Almost without exception this script analysis utilizes the concept of three-act structure to construe the merits and demerits of the screenplay in question. “… the conclusion of act one is weak and does not prefigure the emotional highs in act two …”; “… acts one and two work well but there are real problems of pacing in act three …” and so on. There are other buzz- or nonce-words that figure in Hollywood script analysis—“character arcs,” “backstory,” “beats,” “gracenotes,” “pushing the envelope,” etc. — but none — none — has such a pernicious hold as three-act structure.
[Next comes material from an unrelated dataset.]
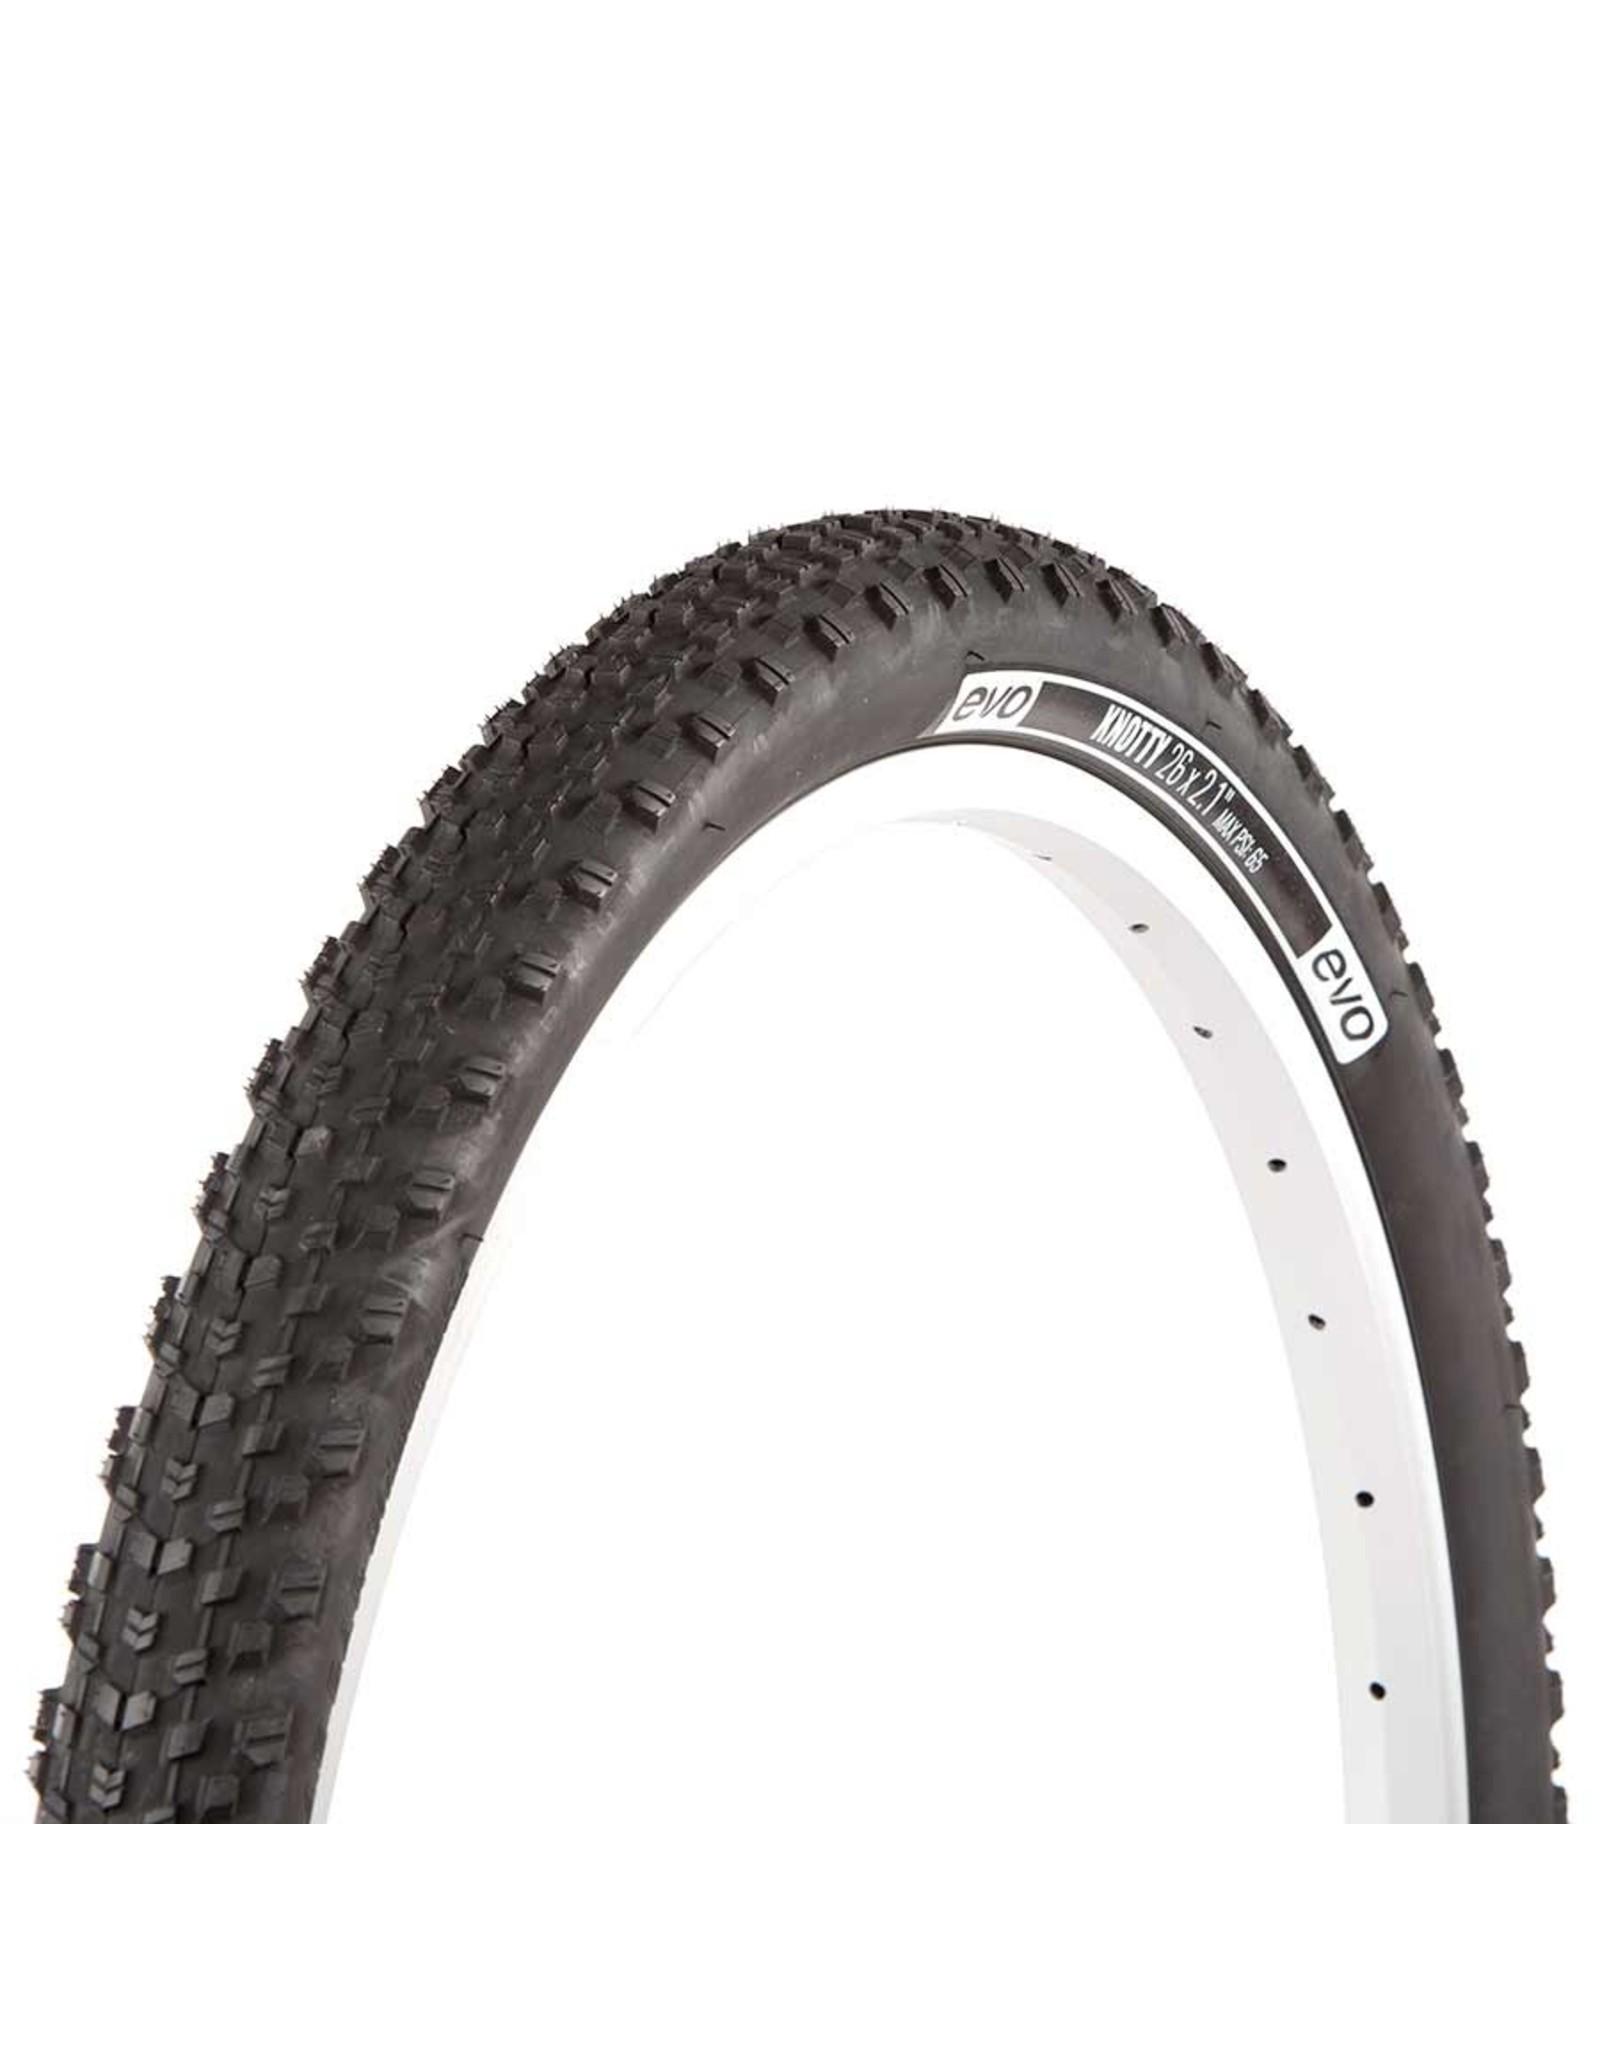 EVO, Knotty, Tire, 27.5''x3.00, Wire, Clincher, Black

Now this notion may be a handy device for writing coverage (by and large American filmscripts do not number scenes), but the use of three acts has become widespread in the teaching of screenplay writing and, inevitably, in the writing of screenplays also, and there its use is far less felicitous. No one ever determined that a screenplay should have three acts — why not five? why not two? — and there is no reason on earth why the 120-page screenplay, and therefore the ninety-minute to two-hour film, should have these segments imposed on it. The fact of the matter is that film is a narrative art form, a particularly straightforward narrative art form too, compared to the novel, and the rhythms and cadences of that narrative, its rise and fall, its crises and denouements should be determined, not by some arbitrary matrix, but by the demands of the story (how compelling is it, how entertaining, how suspenseful, etc.) and the characters it is dealing with (how real are they, how sympathetic, how dramatically effective, etc.). Any shape, any structure will do if it works narratively. There is no predetermined mould into which a story should be poured: its justification is provided solely by its success. If there is one area of a film where a strong sense of form may be relevant then that is its ending, but that is because it is the end of that particular story, and not of act three.